2. Claims by the Customer are excluded if the Customer is responsible for the infringement of Protective Rights.
3. Claims by the Customer are also excluded if the infringement of Protective Rights is caused by special stipulations of the Customer, by any utilization which we could not have anticipated, or as a result of the product being modified by the Customer or used with products not supplied by us.
4. Further claims against us by the Customer are subject to the exclusion of liability in accordance with Section X.
XII. Disruption to the contract basis, adaptation of the contract and cancellation
If any unforeseen events (e.g. natural disasters, mobilization, war, riot or similar events, e.g. strike, lockout) substantially alter the economic importance or content of the delivery, or substantially affect the business of feno GmbH, the contract will be adapted as appropriate in good faith.
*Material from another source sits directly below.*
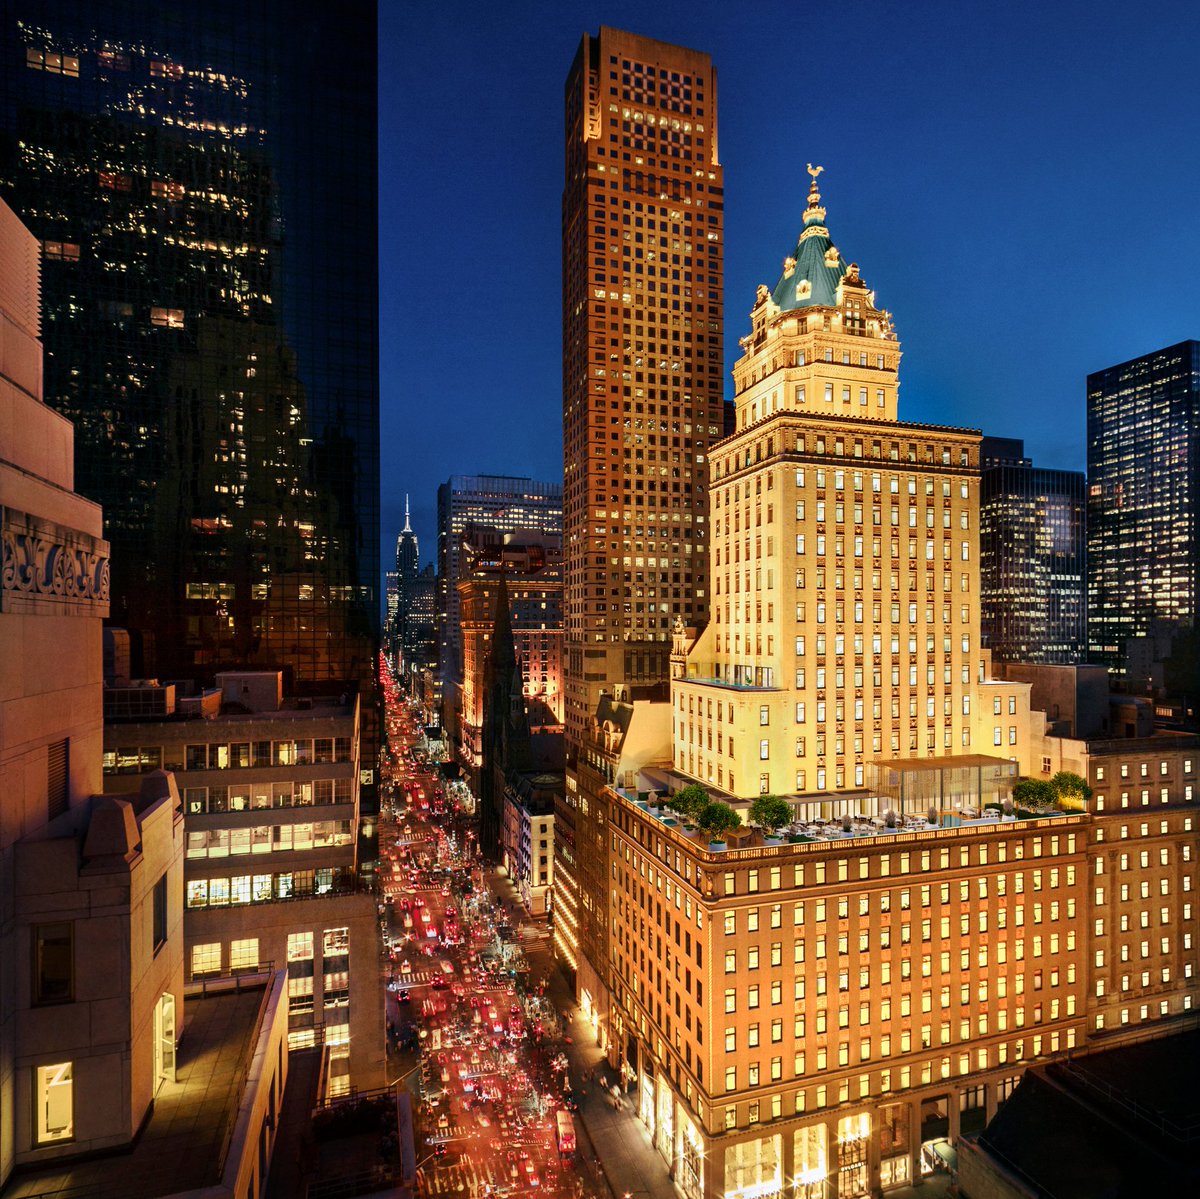 Looking to 2020, in #Manhattan, #Aman’s 2nd urban sanctuary will blend vibrant #NewYork with the calming soul of Aman. #AmanNewYork's 83 guest rooms & suites, & the first urban Aman Residences will occupy the iconic #CrownBuilding aman.com/resorts/aman-n… #Aman30 #AmanCelebrations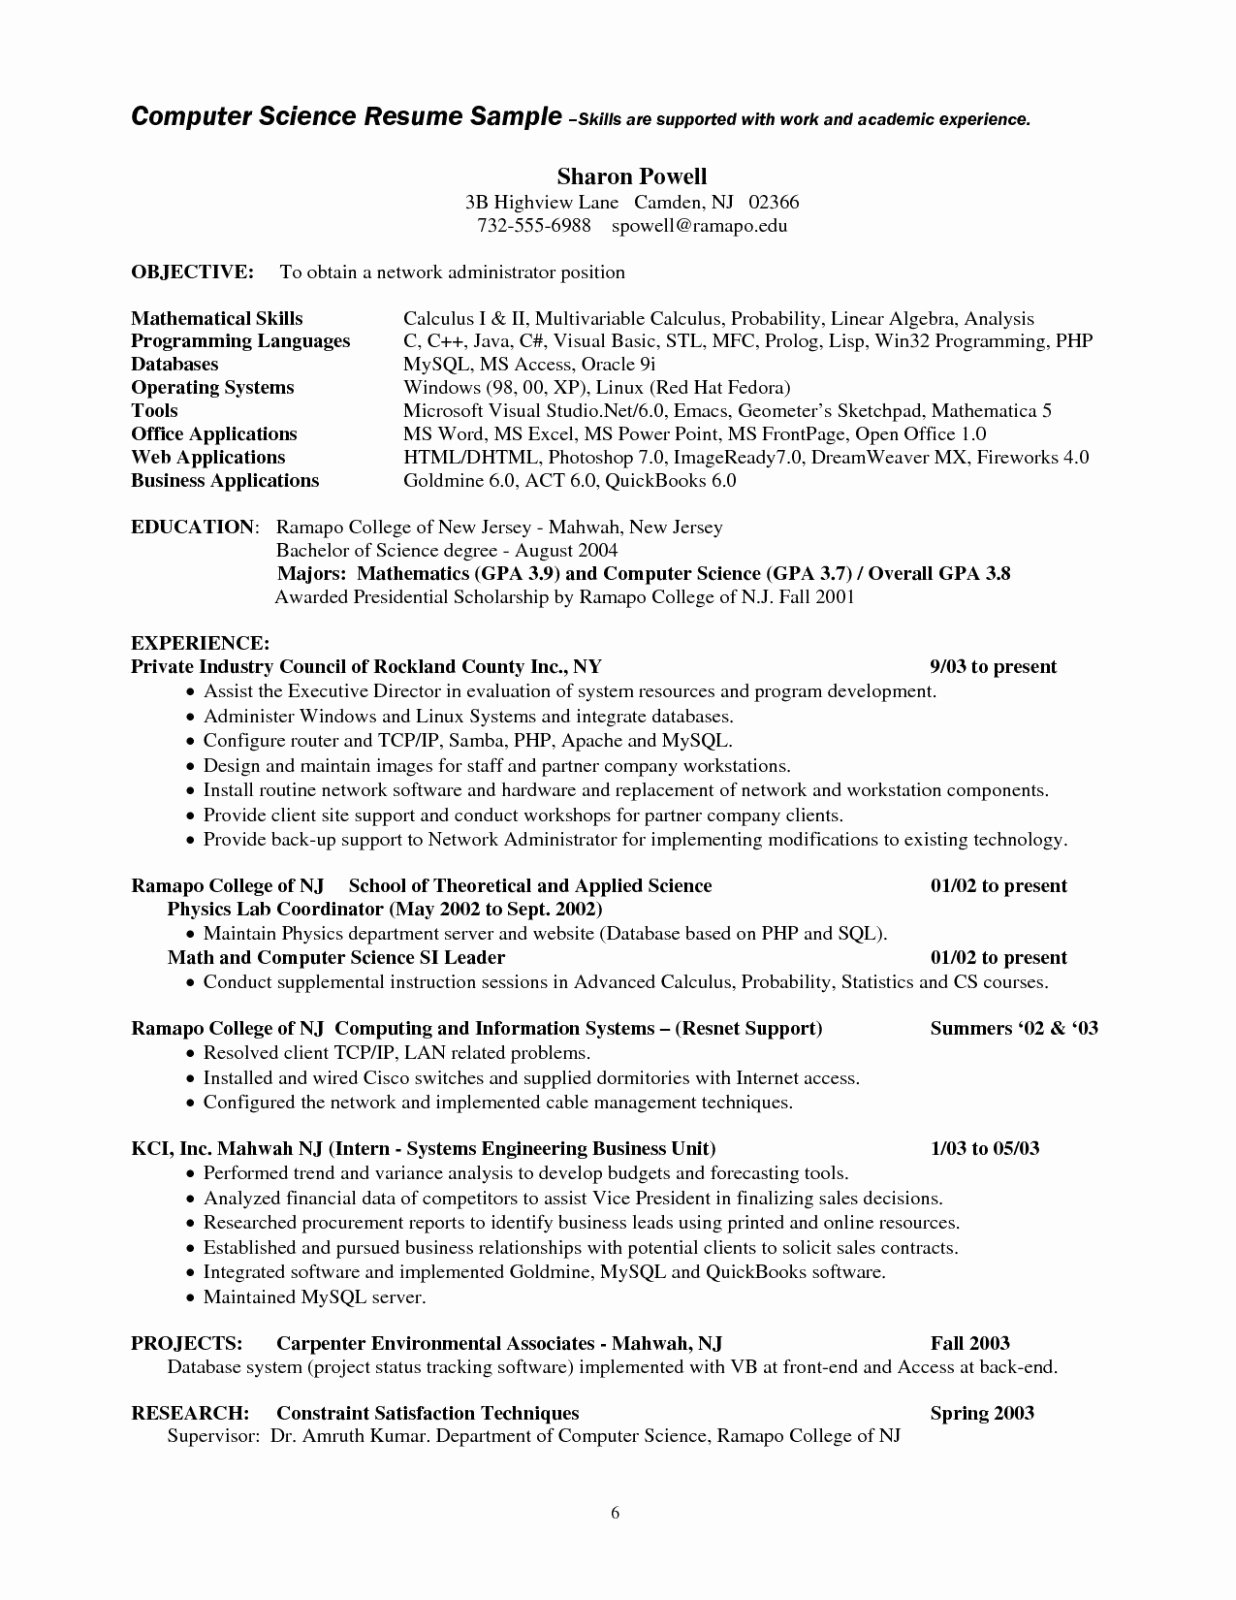 Computer Science Resume Template Inspirational Puter Science Resume Example

If this is not economically viable, we have the right to withdraw from the contract. Adaptation and cancellation of the contract are excluded if we are responsible for the obstruction.
XIII. Place of performance, place of jurisdiction, applicable law
1. The place of performance for all deliveries is the headquarters of feno GmbH.
2. In the case of contracts with merchants, as defined in §§ 1 ff. HGB, which have made the contract for the running of their own business, the sole place of jurisdiction for all direct and indirect disputes arising from the contractual relationship between us and the Customer is the headquarters of feno GmbH.
3. Contractual relationships are governed by German law, to the exclusion of the United Nations Convention on Contracts for the International Sale of Goods (CISG).
4. These General Terms and Conditions are issued in a German and an English language version. In the event of any dispute regarding their meaning or interpretation, the German text will in each case take precedence.
XIV. Binding force of the contract
The contract remains binding in all other respects, even if individual points have no legal force. This does not apply if compliance with the terms of the contract would constitute unreasonable hardship for one of the parties.